Aim of the exercise
Take the data below and write it out exactly, except for the pictures.

The data
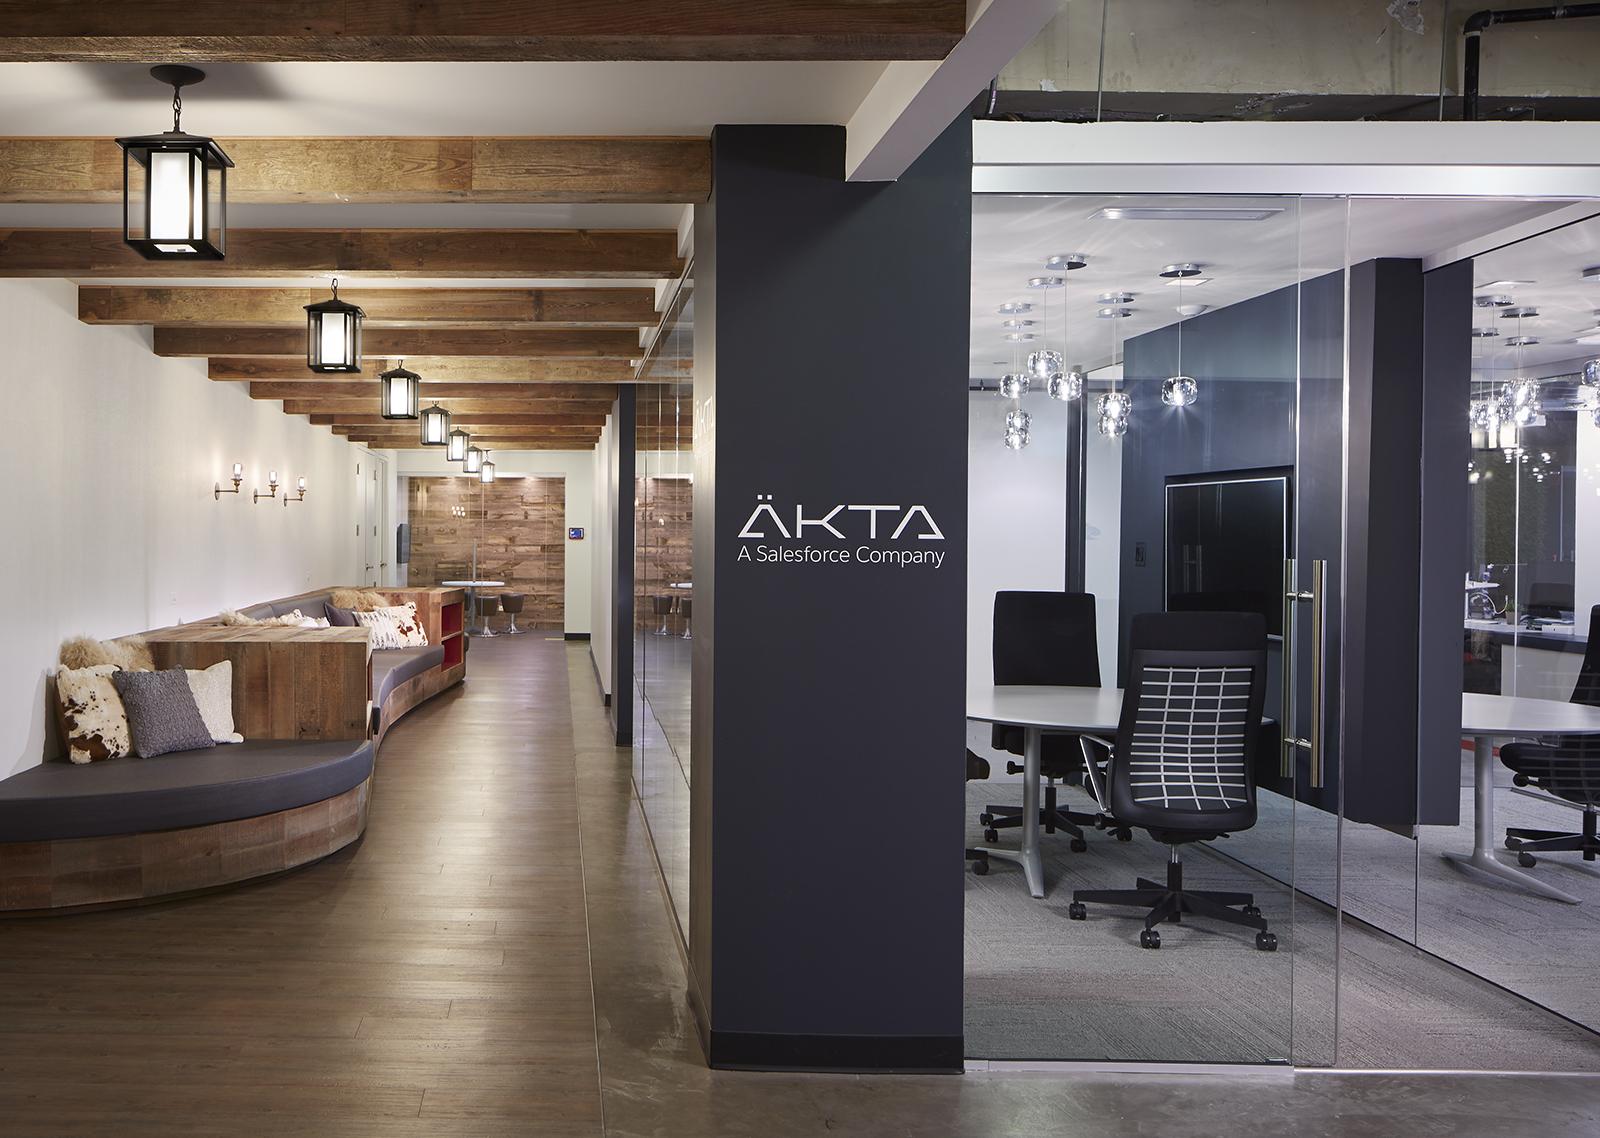 akta-chicago-office-3
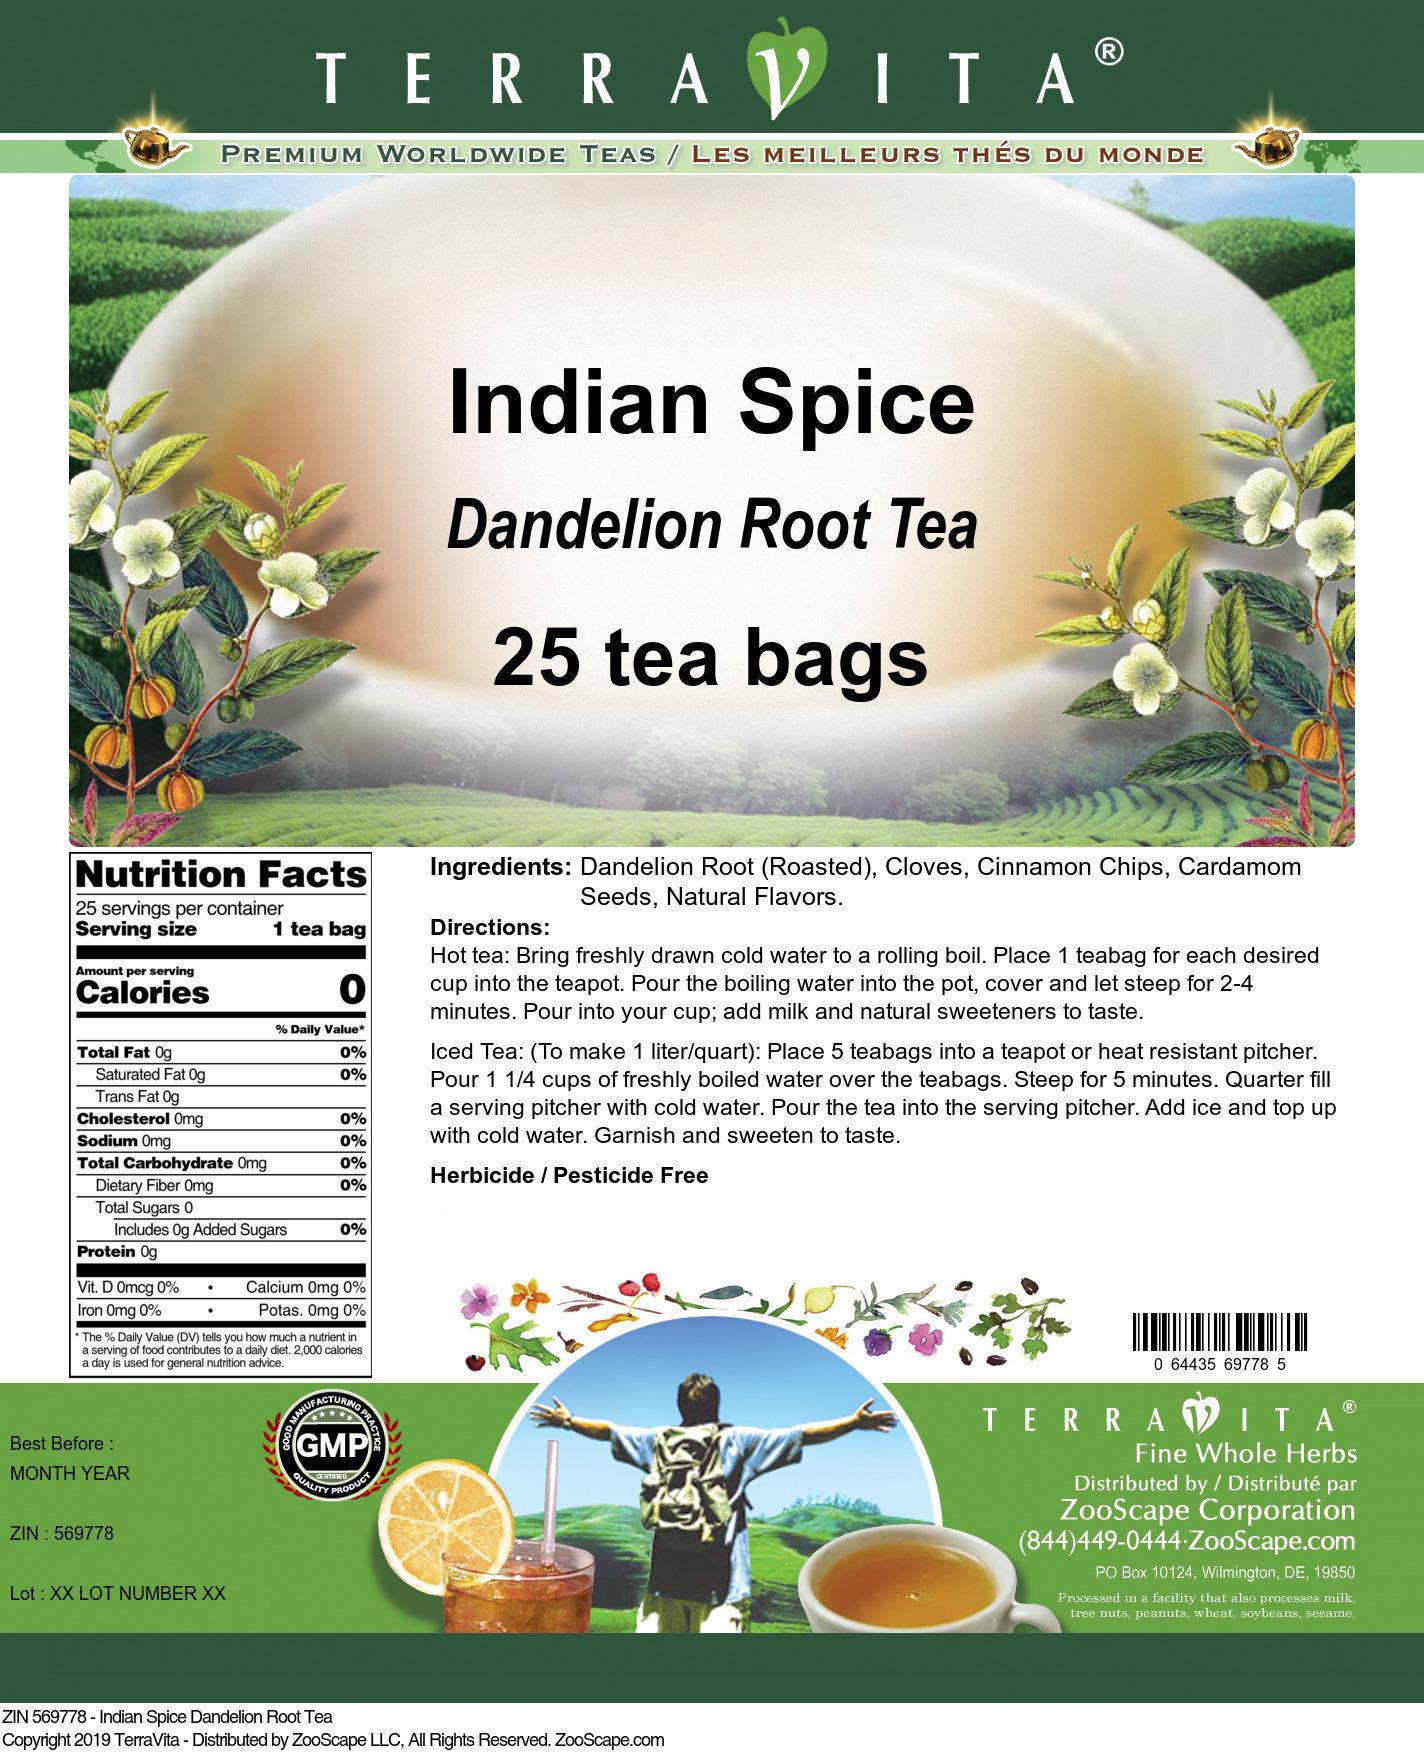 Indian Spice Dandelion Root
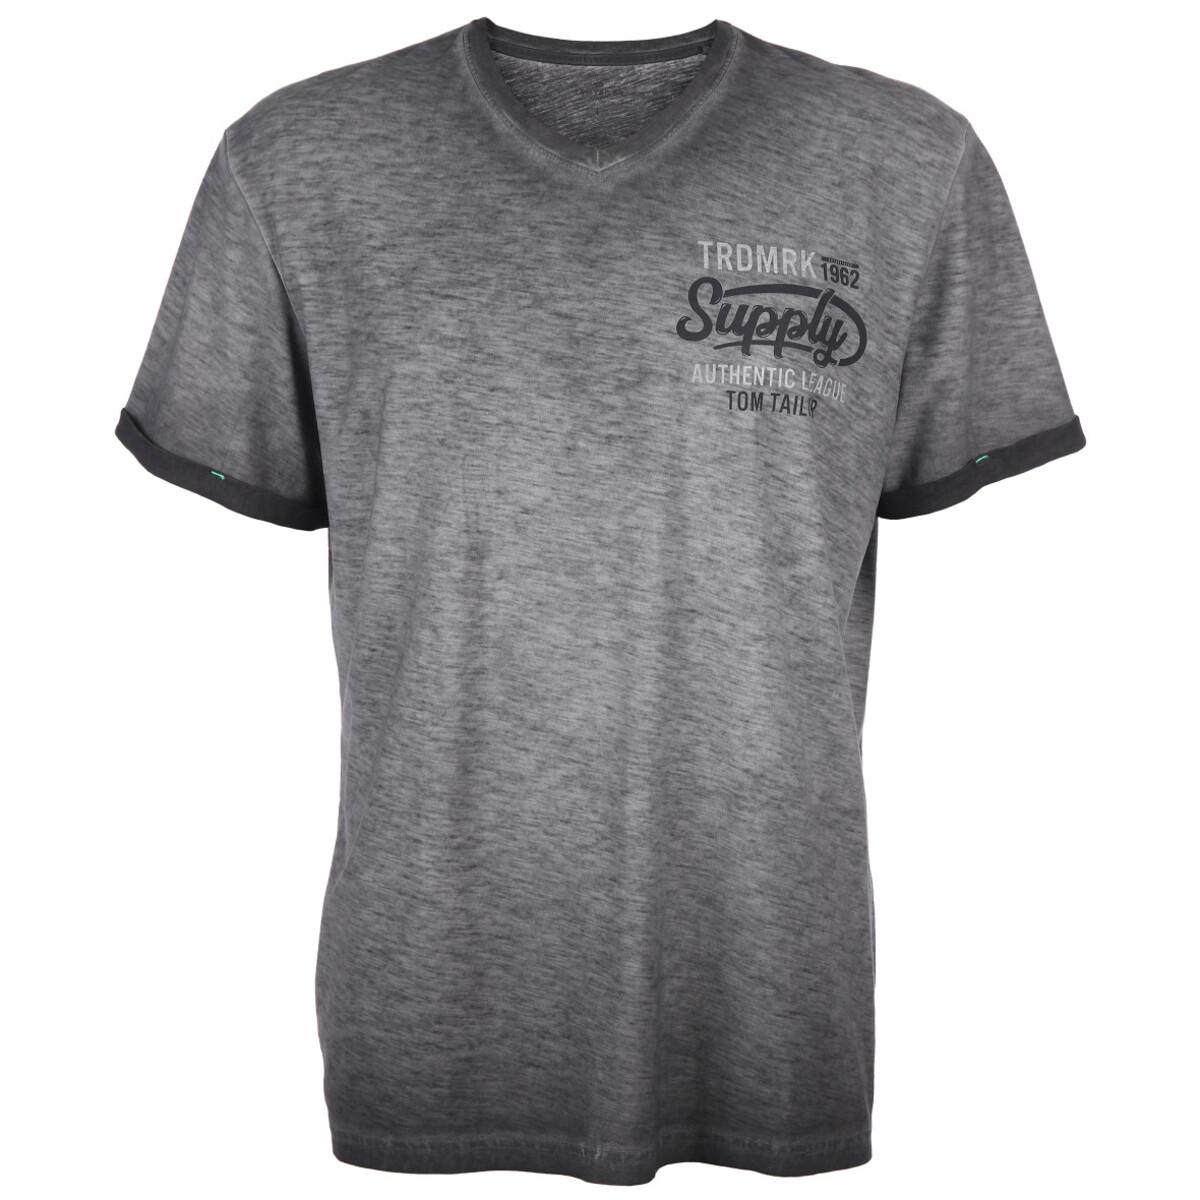 Bild 1 von Herren T-Shirt in melierter Optik
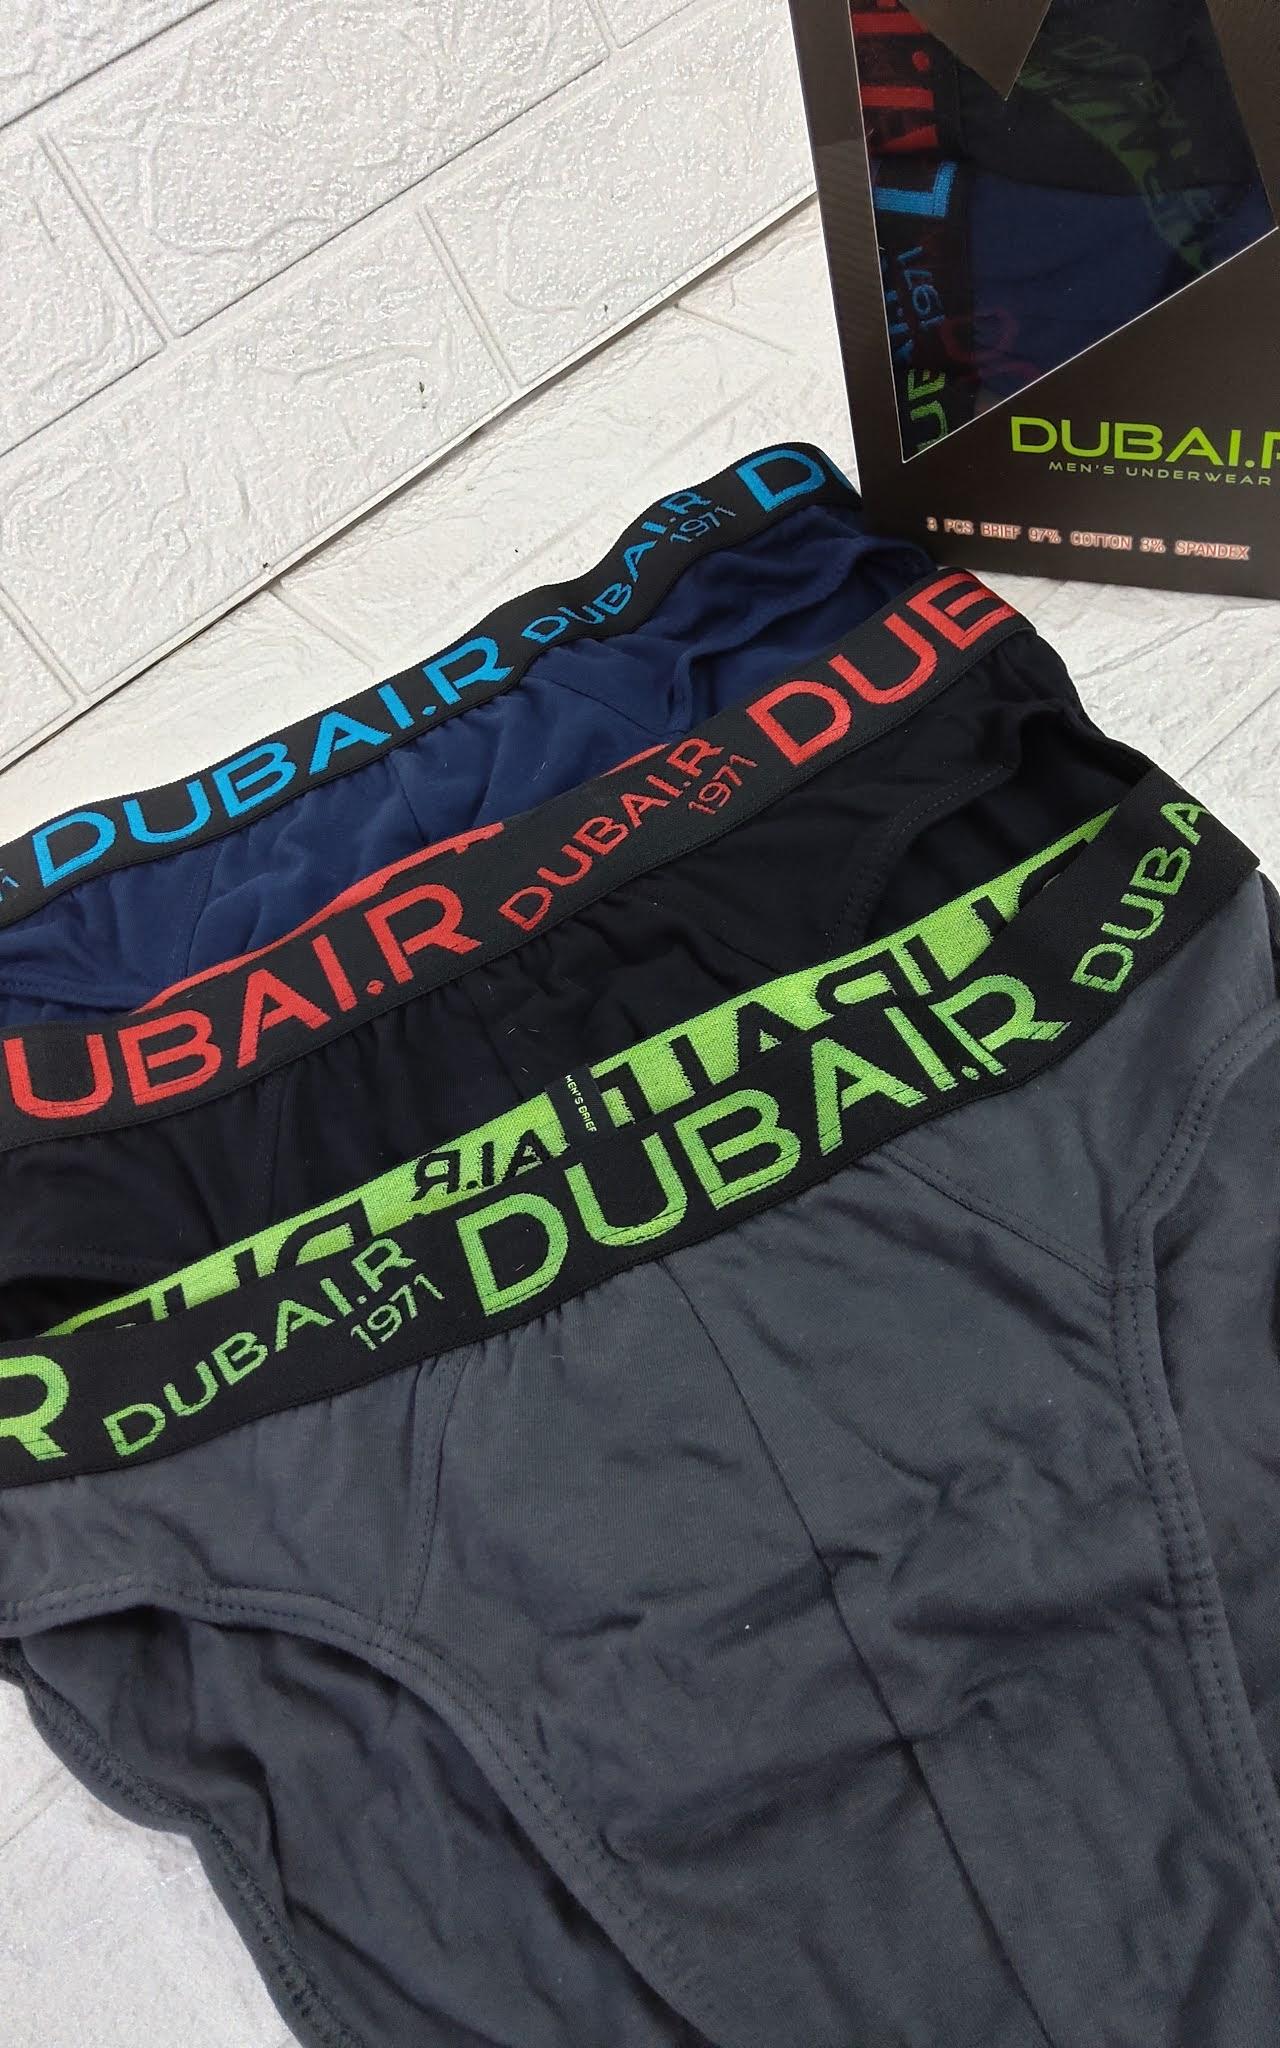 CDL DUBAI.R  (DS3-006) (CDL018)

Reply to the task
 akta-chicago-office-3
 Indian Spice Dandelion Root
 Bild 1 von Herren T-Shirt in melierter Optik
 CDL DUBAI.R  (DS3-006) (CDL018)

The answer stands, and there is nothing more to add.